ーーこれまでの取材で廣政選手が「早慶戦の注目選手は柳本晴暖。勢いのあるディフェンスとハートを見てほしい」と何度も仰っていました。個人のプレーとしてはいかがでしたか
実はそれを知ったのが2日前で、非常に気が引き締まっていました。試合開始直後から早大の岩屋頼選手(スポ4・洛南)にファンブルを誘発させたプレーや、その流れでブロックにもいけたので、今日のディフェンスは100点だったと思います。
ーーどこに早大との差を感じましたか
走り続ける体力、オフェンスの動きのシステム化、ディフェンスのローテーションなど、細かい部分です。今日は安田選手のシュートなどオフェンスでの良さもありましたが、ディフェンス面で崩されてしまったところで大きな差を感じました。
ーー逆に通用したと感じた点は
春の六大学リーグではスイッチに苦しんでいたのですが、今回はボールを早く回してドライブコースを作ることで、何度もレイアップに持ち込めました。そこはしっかり通用したと思います。
ーーリーグ戦に向けてどう調整されますか
自分は「ディフェンスの選手」として、相手チームを含めた周囲の人に『15番の柳本が1番ディフェンスが上手かった』『1番迫力があった』と言われるようなディフェンスを目指します。また、ガードとして、ゲームコントロールの部分も磨いていきたいです。
桑原佑尚選手(総1・済々黌)

1年生にして大活躍の桑原佑尚(総1・済々黌)
ーー今日の試合全体を振り返って
今日の試合は初めての早慶戦ということで緊張や不安、期待を抱えての挑戦でしたが、ディフェンス、リバウンドといった役割を全うすることを終始意識して臨んでいました。しかし、やはりうまくいかないところもあって、結果的に自分も含めチームの力不足で負けてしまったことは本当に悔しい気持ちでいっぱいですし、これからそれをバネにチームとしてやっていこうと思います。
ーー初めての早慶戦は、実際に想像していた舞台とは違いましたか?
話は聞いていたのですが、想像した以上に観客の歓声は凄かったですし、コートの中で声が通らないといったこともあり、色々戸惑いもありながらのゲームだったと思います。
ーーリバウンドを押し込むシュートなどセカンドチャンスを活かしたプレーが印象的でしたが、試合中は何を意識していましたか?

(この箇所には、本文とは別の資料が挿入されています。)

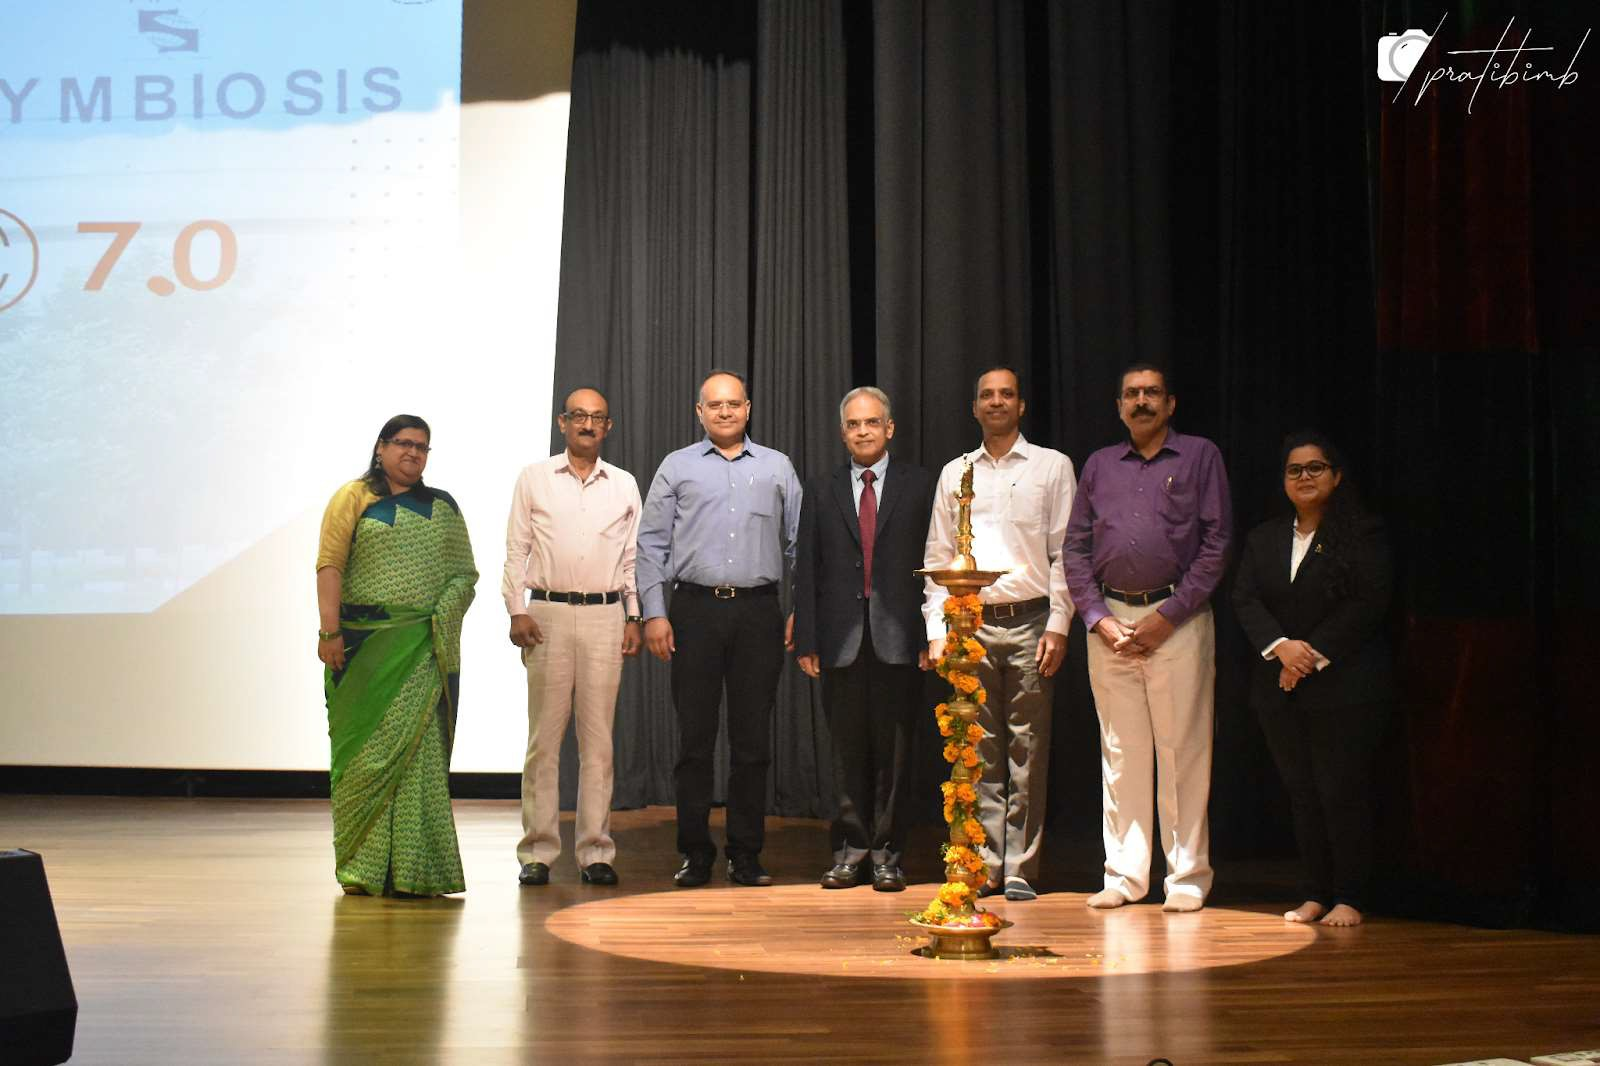 Ceremonial Lighting of the lamp by Dr. K.P. Venugopala Rao, Dr. Shyamsunder Chitta, Dr. Ridhi Rani and the distinguished dignitaries present for the event Mr. Ankur Chaturvedi, Associate Vice President - Business Excellence & Quality at Emami Ltd., Dr. Rajesh Parekh, Resilience Coach at Resilient Leadership, Mr. Tarun Srivastava, the chief manager at Polycab Support Force and Ms. Asmita Arjun Dalvi .

前半にスリーポイントがなかなか入らなくて、そういった時にコンスタントに自分には何が出来るかというのを考えたところ、やはりリバウンド、ルーズボールだったので、そこは一貫してやり続けました。その結果、そういったプレーに繋がったのかなと思います。
ーーリーグ戦に向けてどう調整されますか
秋に向けては、2部昇格というチームの目標をぶらさずに、シューティングなど自分にできることをオフ期間から徹底してやっていきたいです。